Aspect Backend (WebSocketCircuitBreaker) Frontend (WebSocketManager)
Implementation Dedicated class with explicit states Reconnection logic with attempt counter
State Tracking WebSocketCircuitState enum (CLOSED/OPEN/HALF) Derived from reconnectAttempts counter
Failure Detection Explicit record_failure() calls onClose event triggers attempt increment
Recovery Testing HALF_OPEN state with limited calls Each reconnect attempt is a recovery test
Blocking Behavior Rejects operations when OPEN Stops automatic reconnection when exhausted
User Notification service_status WebSocket message onMaxRetriesExhausted callback
Manual Reset reset() method connect() method resets attempt counter
Timeout-based Reset Yes (recovery_timeout triggers HALF_OPEN) No (manual connect() required)
Thread Safety asyncio.Lock for async contexts Single-threaded JavaScript (not needed)
Metrics get_metrics() with counters and timestamps getConnectionState() with basic state

Configuration Summary

Component Setting Default Description
Backend CB failure_threshold 5 Failures before circuit opens
Backend CB recovery_timeout 30s Wait before HALF_OPEN transition
Backend SUPERVISION_INTERVAL 30s Listener health check interval
Frontend reconnectAttempts 5 Max client reconnection attempts
Frontend reconnectInterval 1000ms Base backoff interval
Frontend connectionTimeout 10000ms Connection establishment timeout
Frontend maxInterval (backoff) 30000ms Maximum backoff delay

Manual Recovery

When the system enters degraded mode, manual intervention is required:

# Check container health
docker compose -f docker-compose.prod.yml ps

# Check Redis connectivity
docker compose -f docker-compose.prod.yml exec redis redis-cli ping

# Restart the backend service
docker compose -f docker-compose.prod.yml restart backend

# View broadcaster logs
docker compose -f docker-compose.prod.yml logs backend | grep -i "broadcaster\|circuit"
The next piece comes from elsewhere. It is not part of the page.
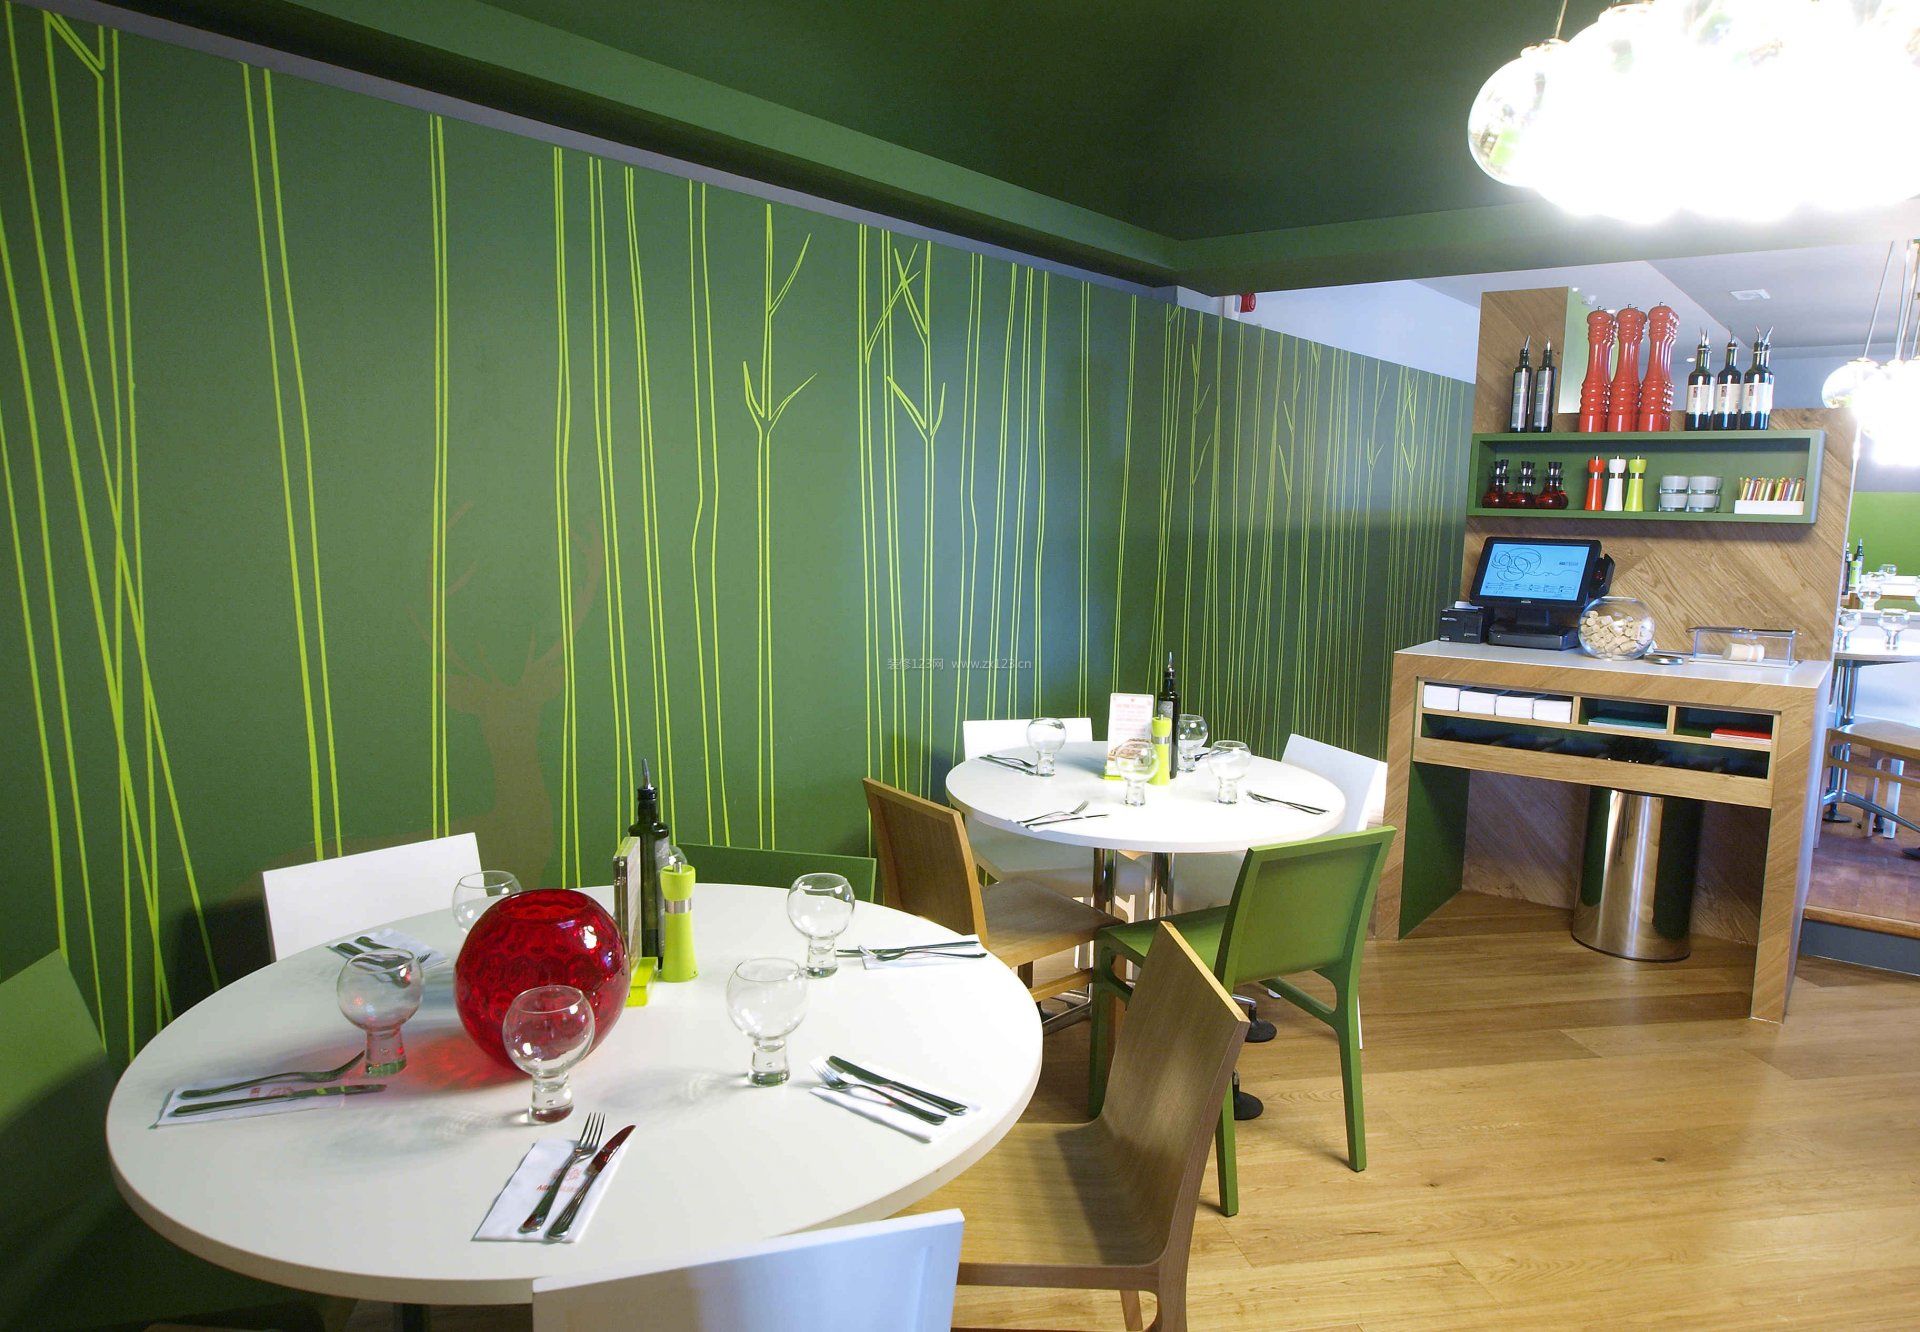 餐馆门面室内绿色墙面装修效果图片

Look for these log patterns:

Log Level Pattern Meaning
CRITICAL EventBroadcaster has entered DEGRADED MODE Requires manual restart
WARNING Circuit breaker is OPEN Recovery blocked, waiting for reset
INFO Restarting pub/sub listener (attempt N/5) Auto-recovery in progress
INFO transitioned HALF_OPEN -> CLOSED (recovered) Service successfully recovered

Document Purpose
Resilience Patterns Guide Developer guide with code examples for circuit breakers, retry logic, and prompt injection prevention
AI Pipeline Detection and analysis flow
Real-Time WebSocket and pub/sub architecture
Data Model Database schema and relationships
Backend AGENTS.md Service implementation details
Frontend Hooks React hooks including useWebSocket
Backend Core Core infrastructure including Redis

This document describes the resilience architecture for the Home Security Intelligence system. For implementation details, see the source files referenced in the frontmatter.